Classified Board of Directors. The Certificate of Incorporation and By-laws provide that the size of Nexstar’s board of directors will be determined from time to time by resolution adopted by a majority of the board of directors of Nexstar and that the directors shall be divided into three classes, with directors serving staggered three‑year terms. The classification of Nexstar’s board of directors has the effect of making it more difficult for stockholders to change the composition of Nexstar’s board of directors. At least two annual meetings of stockholders, instead of one, will generally be required to effect a change in a majority of Nexstar’s board of directors. This may have the effect of discouraging a third-party from initiating a proxy contest, making a tender offer or otherwise attempting to obtain control of Nexstar. In addition, because the classification of Nexstar’s board of directors may discourage accumulations of large blocks of Class A common stock by purchasers whose objective is to take control of Nexstar and remove a majority of Nexstar’s board of directors, the classification of Nexstar’s board of directors could tend to reduce the likelihood of fluctuations in the market price of Class A common stock that might result from accumulations of large blocks of Class A common stock for such a purpose.
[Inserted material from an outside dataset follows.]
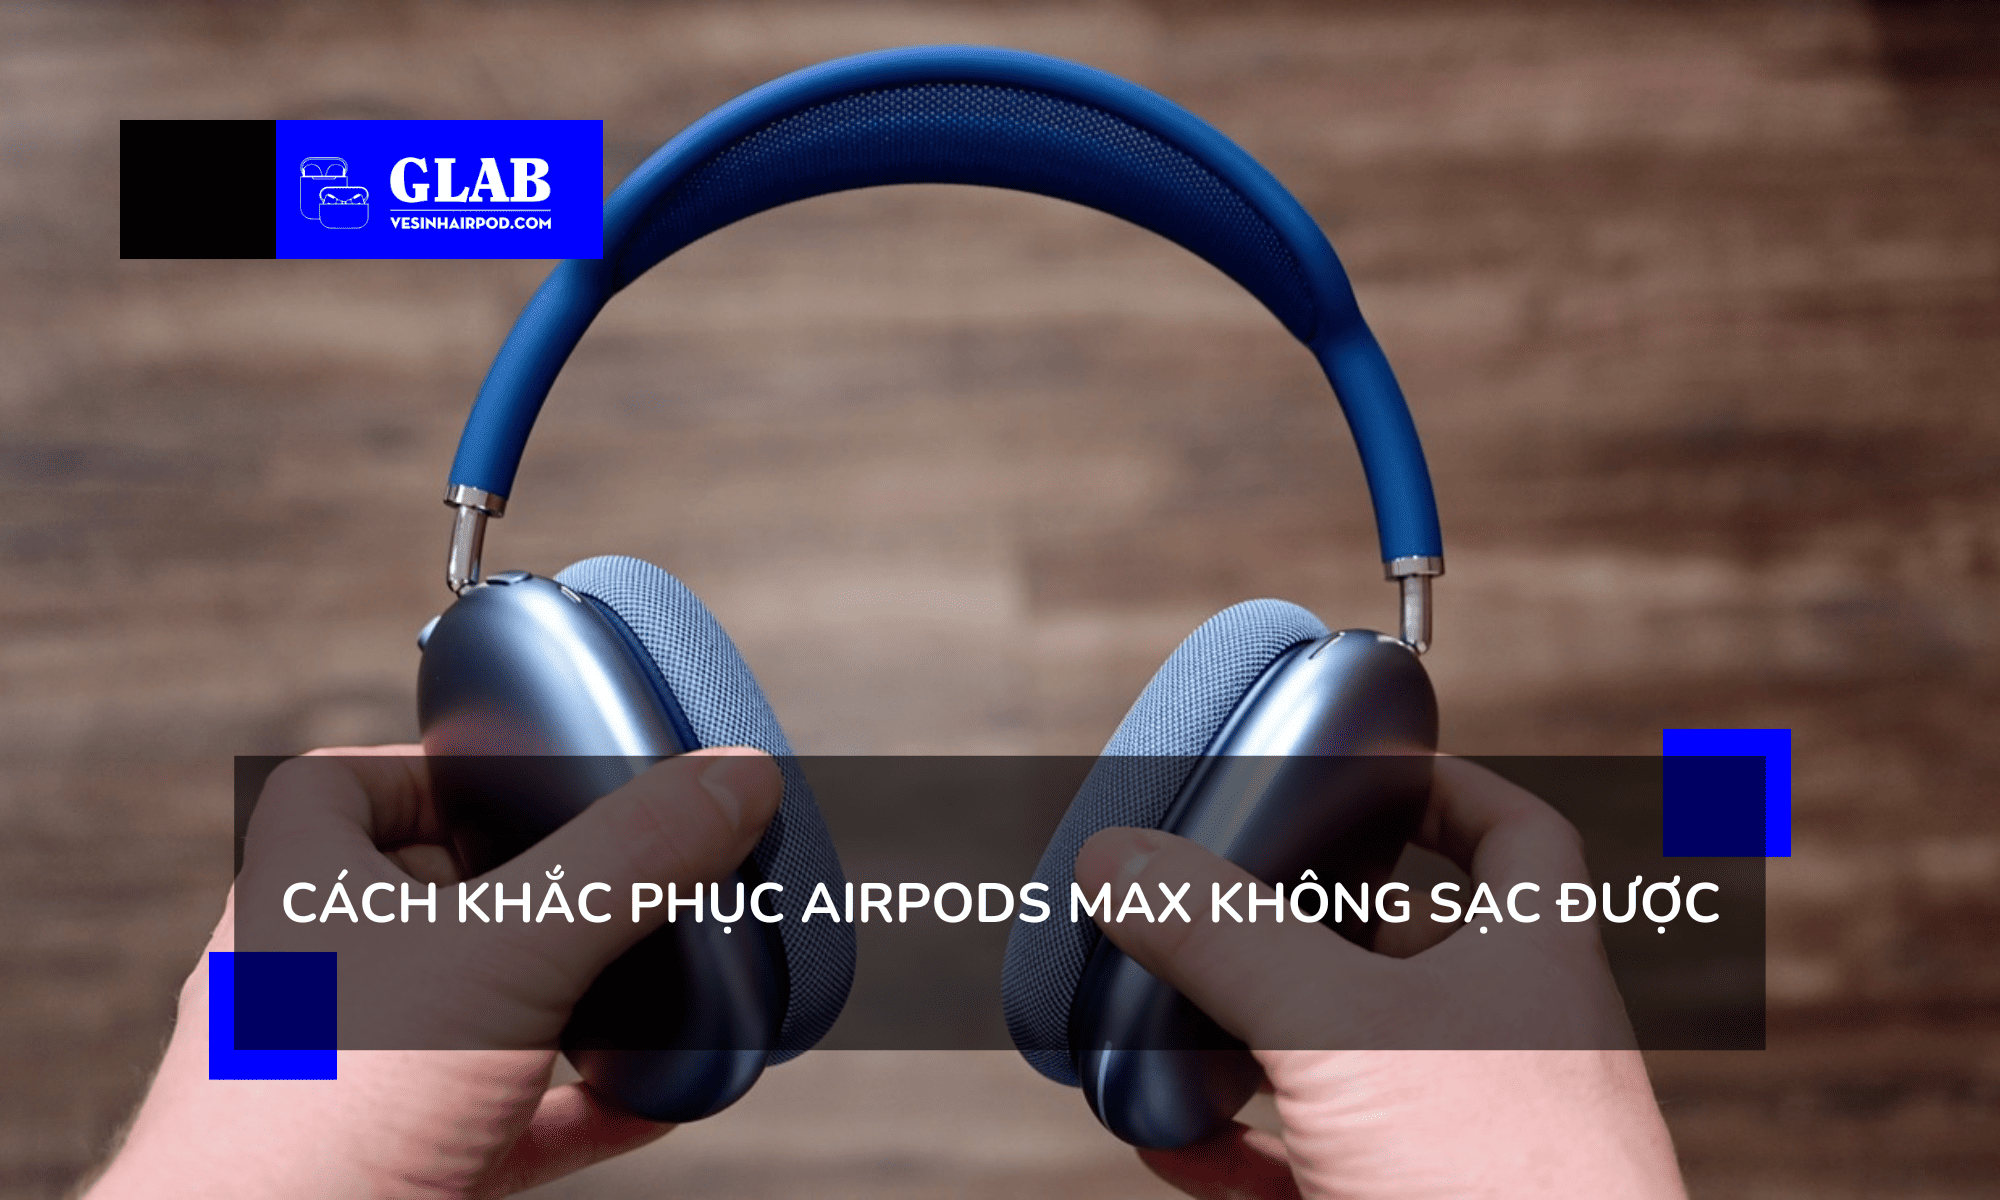 airpods-max-khong-sac-duoc

Accordingly, Nexstar stockholders could be deprived of certain opportunities to sell their Class A common stock at a higher market price than might otherwise be the case.

Delaware Business Combination Statute. Nexstar is subject to Section 203 of the DGCL, an anti-takeover law. In general, Section 203 prohibits a publicly-held Delaware corporation from engaging in a “business combination” with an “interested stockholder” for a period of three years following the date the person became an interested stockholder, unless (with some exceptions) the “business combination” or the transaction in which the person became an interested stockholder is approved in a prescribed manner. Generally, a “business combination” includes a merger, asset or stock sale, or other transaction resulting in a financial benefit to the interested stockholder. Generally, an “interested stockholder” is a person who, together with affiliates and associates, owns (or within three years prior to the determination of interested stockholder status, did own) 15% or more of a corporation’s voting stock. As permitted by Section 203, Nexstar has elected not to be governed by Section 203 with respect to ABRY and any entity controlled by ABRY, and therefore, unless Nexstar’s Certificate of Incorporation is amended, neither ABRY nor any such entity shall be deemed to be an “interested stockholder.” The existence of this provision could have an anti-takeover effect with respect to transactions not approved in advance by the board of directors, including discouraging attempts that might result in a premium over the market price for Class A common stock.

Other Matters

Limitation on Director’s Liability. The Certificate of Incorporation provides that, to the fullest extent permitted by Delaware law, Nexstar will indemnify and advance expenses of any director or officer who is made or threatened to be made a party to any proceeding by reason of the fact that he or she is or was a director or officer of Nexstar. In addition, no director or officer of the combined company will be liable to the combined company or its stockholders for monetary damages with respect to any transaction, occurrence or course of conduct.

Transfer Agent. The transfer agent for Nexstar is the American Stock Transfer & Trust Co., Corporate Trust Department, 6201 Fifteenth Ave., Brooklyn, New York 11219.